Start of DATA SECTION

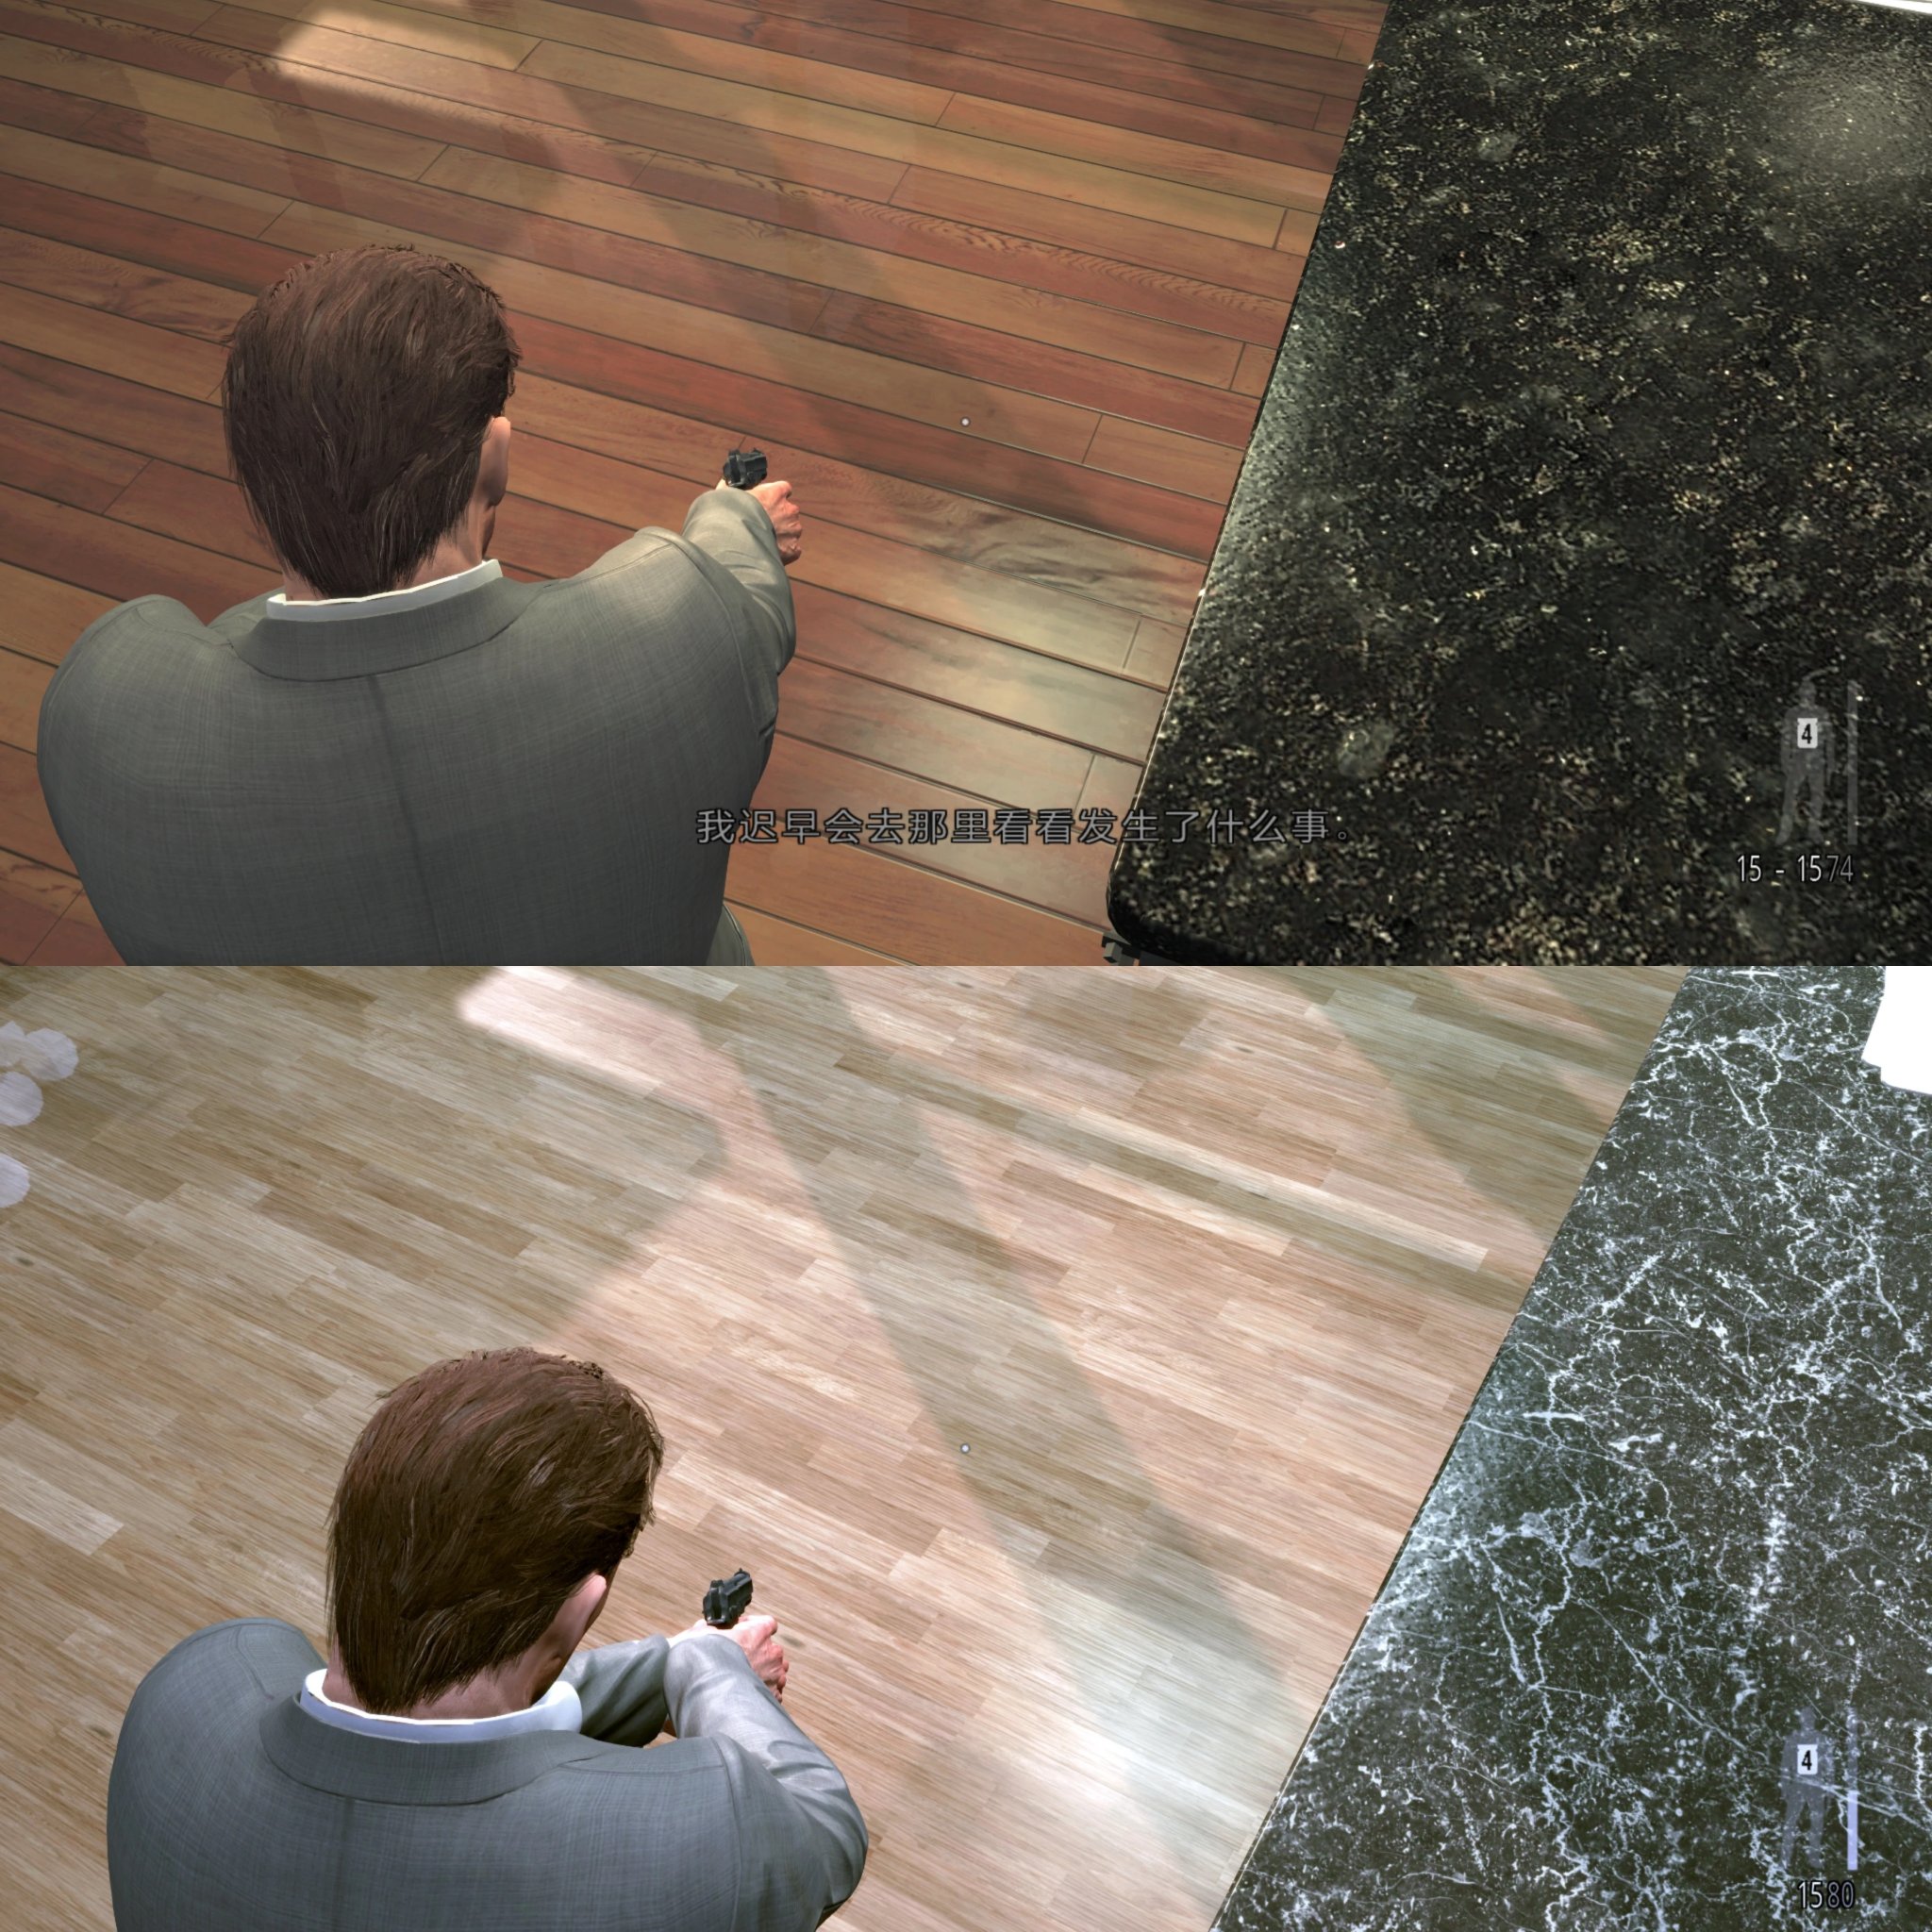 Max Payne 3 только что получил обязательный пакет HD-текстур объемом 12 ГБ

End of DATA SECTION
Start of DATA SECTION

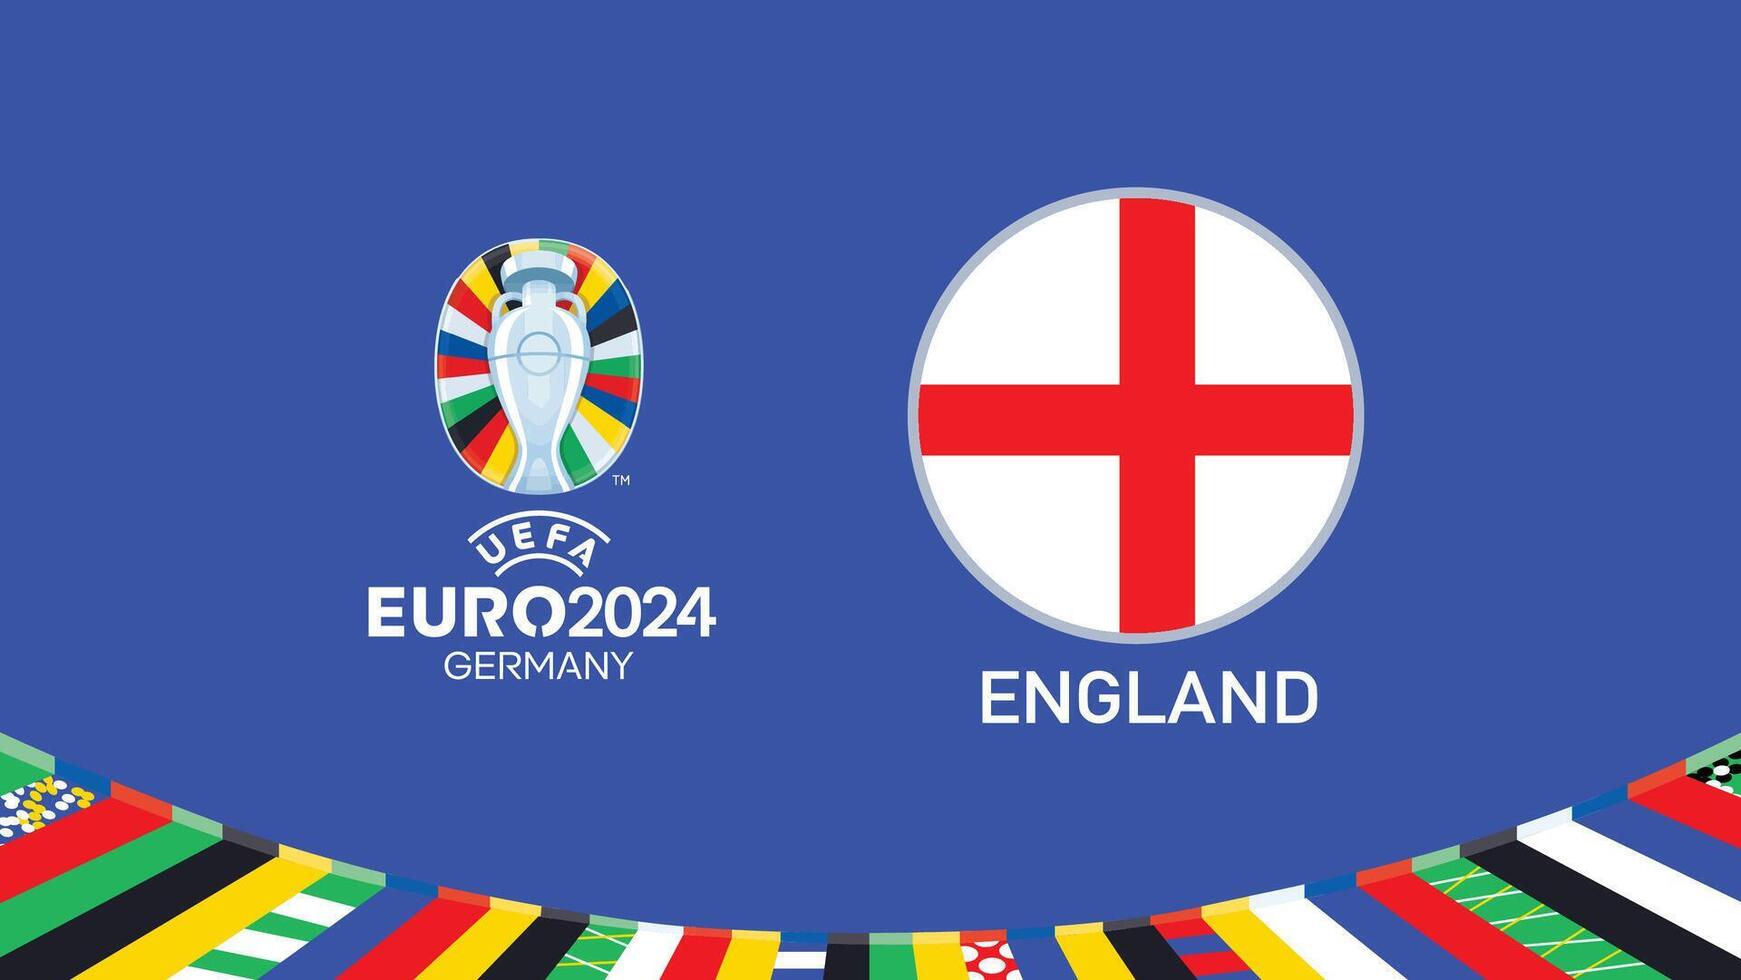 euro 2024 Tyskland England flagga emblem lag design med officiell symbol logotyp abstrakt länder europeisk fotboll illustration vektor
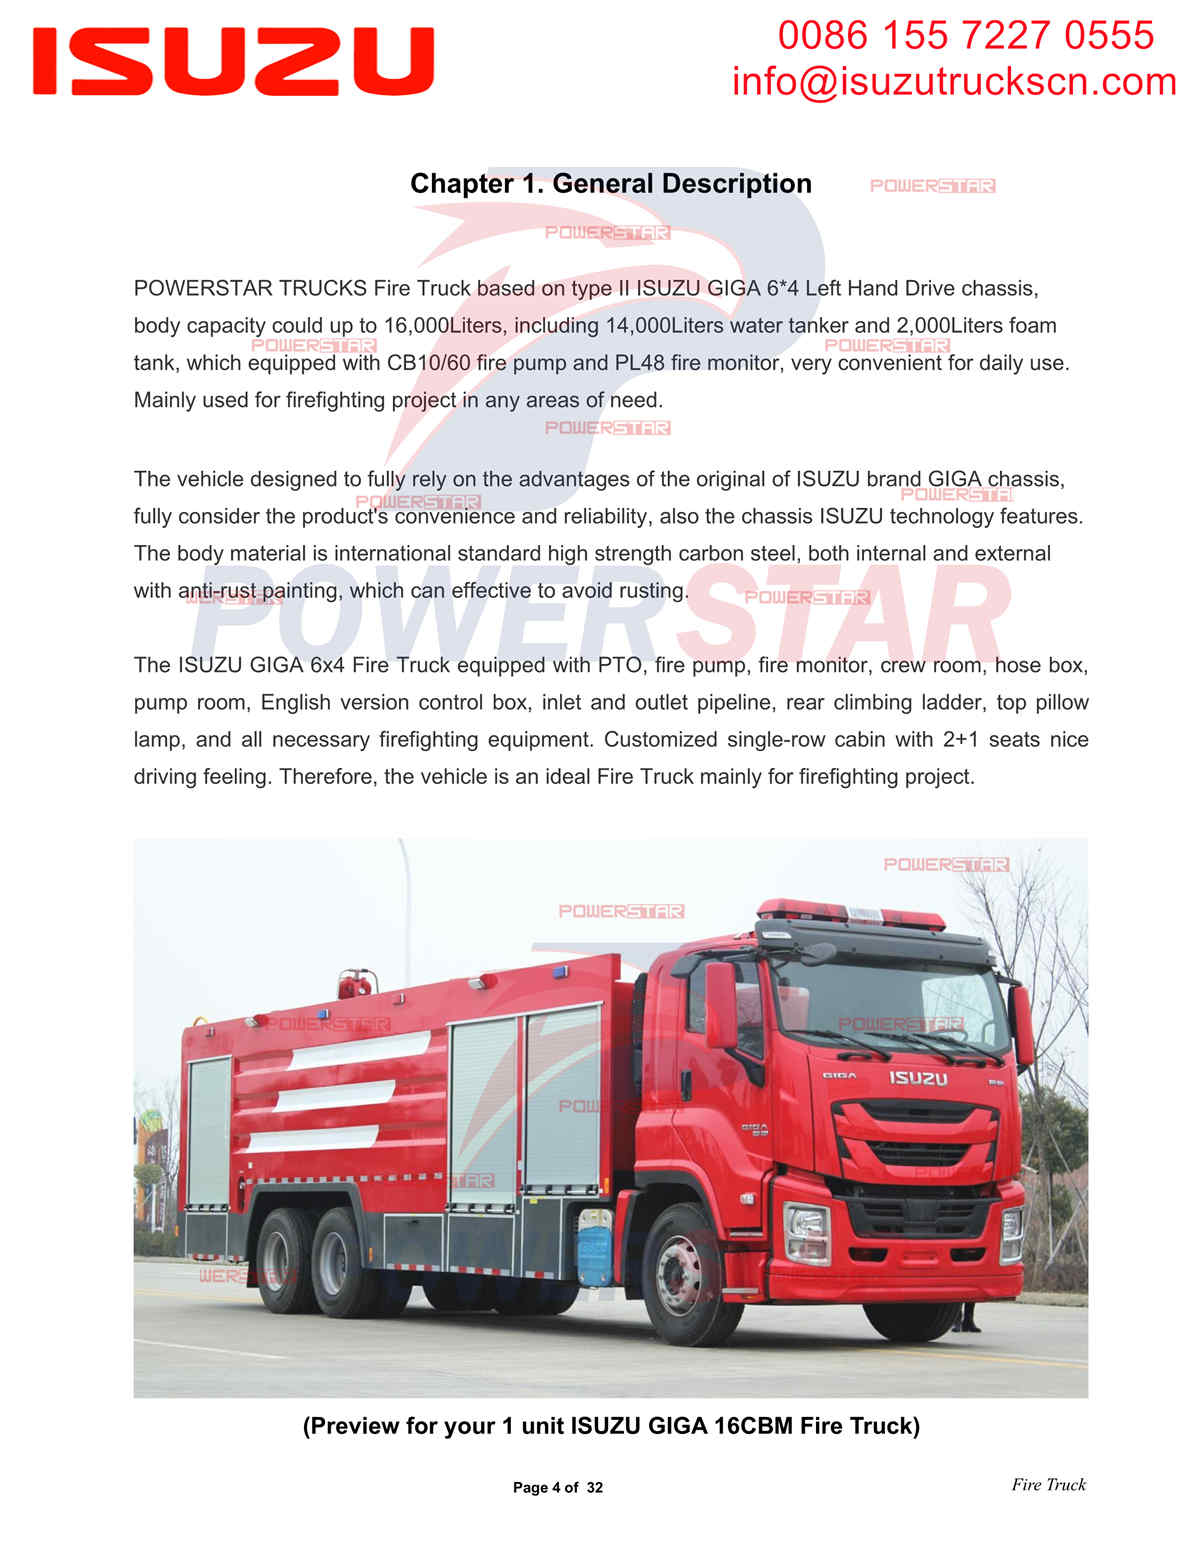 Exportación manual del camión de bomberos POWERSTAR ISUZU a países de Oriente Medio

End of DATA SECTION
Start of DATA SECTION

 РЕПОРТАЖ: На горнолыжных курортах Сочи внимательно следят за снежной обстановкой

End of DATA SECTION

Print an exact copy of the lines above, from the one containing "euro 2024 Tyskland" through the one containing "Exportación manual del", and leave out the pictures.

#### WRITTEN RESPONSE:
 euro 2024 Tyskland England flagga emblem lag design med officiell symbol logotyp abstrakt länder europeisk fotboll illustration vektor
 Exportación manual del camión de bomberos POWERSTAR ISUZU a países de Oriente Medio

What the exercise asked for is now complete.